From: Jakub Kicinski <jakub.kicinski@netronome.com> Date: Wed, 12 Jun 2019 11:51:21 -0700 > Brendan reports that the use of netem's packet corruption capability > leads to strange crashes. This seems to be caused by > commit d66280b12bd7 ("net: netem: use a list in addition to rbtree") > which uses skb->next pointer to construct a fast-path queue of > in-order skbs. > > Packet corruption code has to invoke skb_gso_segment() in case > of skbs in need of GSO. skb_gso_segment() returns a list of > skbs. If next pointers of the skbs on that list do not get cleared > fast path list goes into the weeds and tries to access the next > segment skb multiple times. > > Reported-by: Brendan Galloway <brendan.galloway@netronome.com> > Fixes: d66280b12bd7 ("net: netem: use a list in addition to rbtree") > Signed-off-by: Jakub Kicinski <jakub.kicinski@netronome.com> > Reviewed-by: Dirk van der Merwe <dirk.vandermerwe@netronome.com> Please rework the commit message a bit to make things cleared, your ascii diagrams would be great. :)

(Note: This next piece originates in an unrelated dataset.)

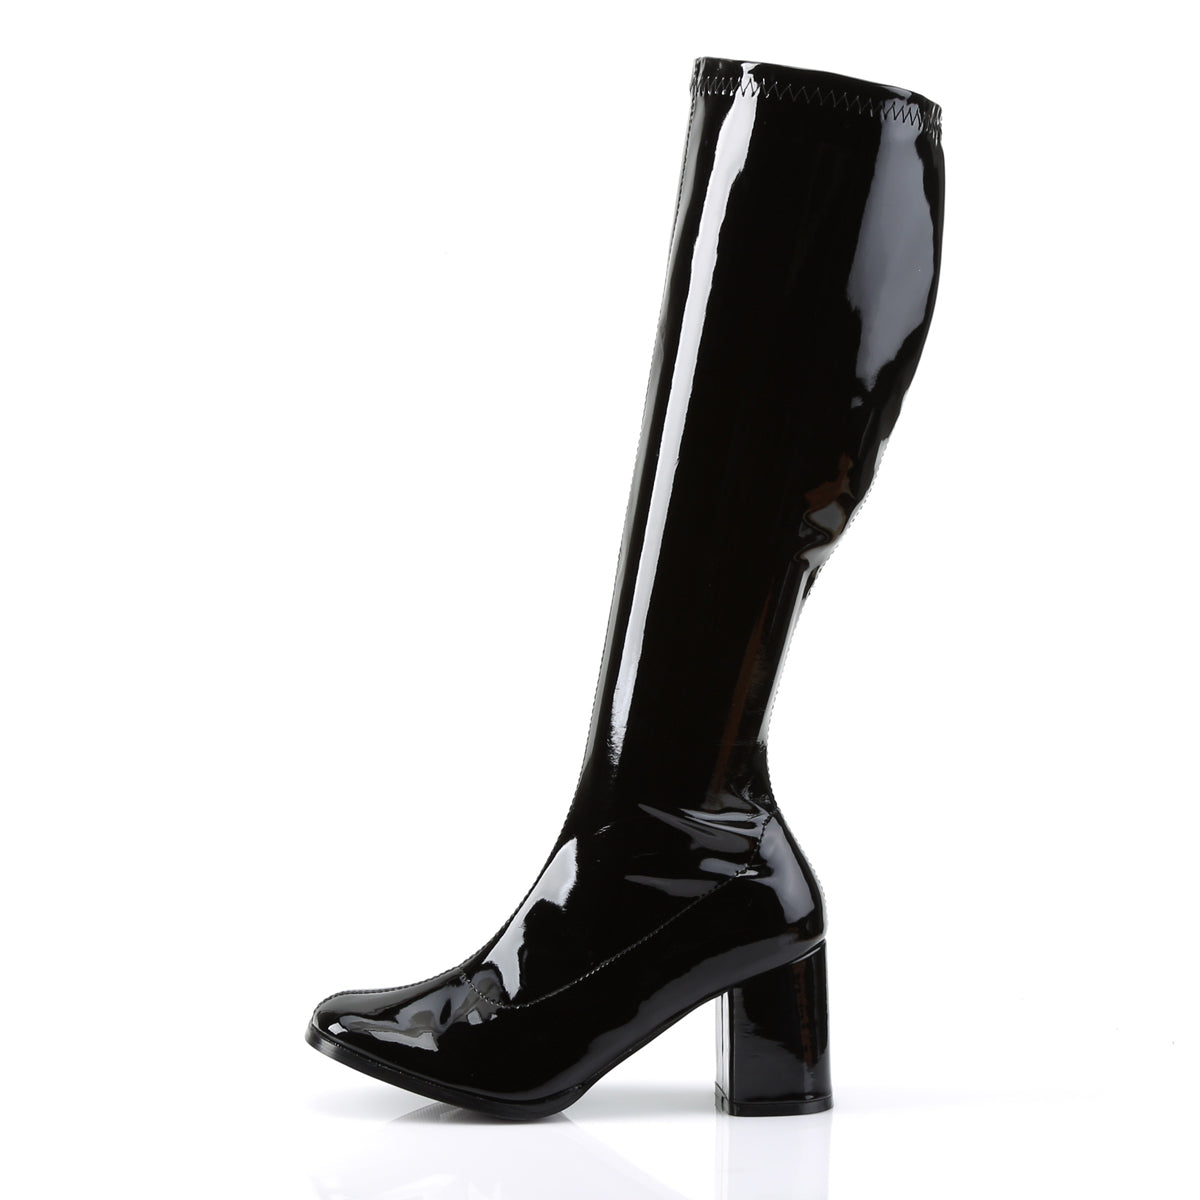 GOGO-300 Funtasma Fantasy Black Stretch Patent Women's Boots [Retro Knee High Boots]

On Fri, 14 Jun 2019 19:08:08 -0700 (PDT), David Miller wrote: > From: Jakub Kicinski <jakub.kicinski@netronome.com> > Date: Wed, 12 Jun 2019 11:51:21 -0700 > > > Brendan reports that the use of netem's packet corruption capability > > leads to strange crashes. This seems to be caused by > > commit d66280b12bd7 ("net: netem: use a list in addition to rbtree") > > which uses skb->next pointer to construct a fast-path queue of > > in-order skbs. > > > > Packet corruption code has to invoke skb_gso_segment() in case > > of skbs in need of GSO. skb_gso_segment() returns a list of > > skbs. If next pointers of the skbs on that list do not get cleared > > fast path list goes into the weeds and tries to access the next > > segment skb multiple times. > > > > Reported-by: Brendan Galloway <brendan.galloway@netronome.com> > > Fixes: d66280b12bd7 ("net: netem: use a list in addition to rbtree") > > Signed-off-by: Jakub Kicinski <jakub.kicinski@netronome.com> > > Reviewed-by: Dirk van der Merwe <dirk.vandermerwe@netronome.com> > > Please rework the commit message a bit to make things cleared, your > ascii diagrams would be great. :) In process of rewriting the commit message I found a memory leak, and the backlog accounting is also buggy in the segmentation path qdisc netem 8001: root refcnt 64 limit 100 delay 19us corrupt 1% Sent 30237896 bytes 19895 pkt (dropped 1885, overlimits 0 requeues 287) backlog 0b 99p requeues 287 ^^^^^^ 99 packets but 0 bytes I need an internal review, and will repost soon. I need to stop looking for bugs here 🙈
diff --git a/net/sched/sch_netem.c b/net/sched/sch_netem.c index 956ff3da81f4..1fd4405611e5 100644 --- a/net/sched/sch_netem.c +++ b/net/sched/sch_netem.c @@ -494,16 +494,13 @@ static int netem_enqueue(struct sk_buff *skb, struct Qdisc *sch, */ if (q->corrupt && q->corrupt >= get_crandom(&q->corrupt_cor)) { if (skb_is_gso(skb)) { - segs = netem_segment(skb, sch, to_free); - if (!segs) + skb = netem_segment(skb, sch, to_free); + if (!skb) return rc_drop; - } else { - segs = skb; + segs = skb->next; + skb_mark_not_on_list(skb); } - skb = segs; - segs = segs->next; - skb = skb_unshare(skb, GFP_ATOMIC); if (unlikely(!skb)) { qdisc_qstats_drop(sch);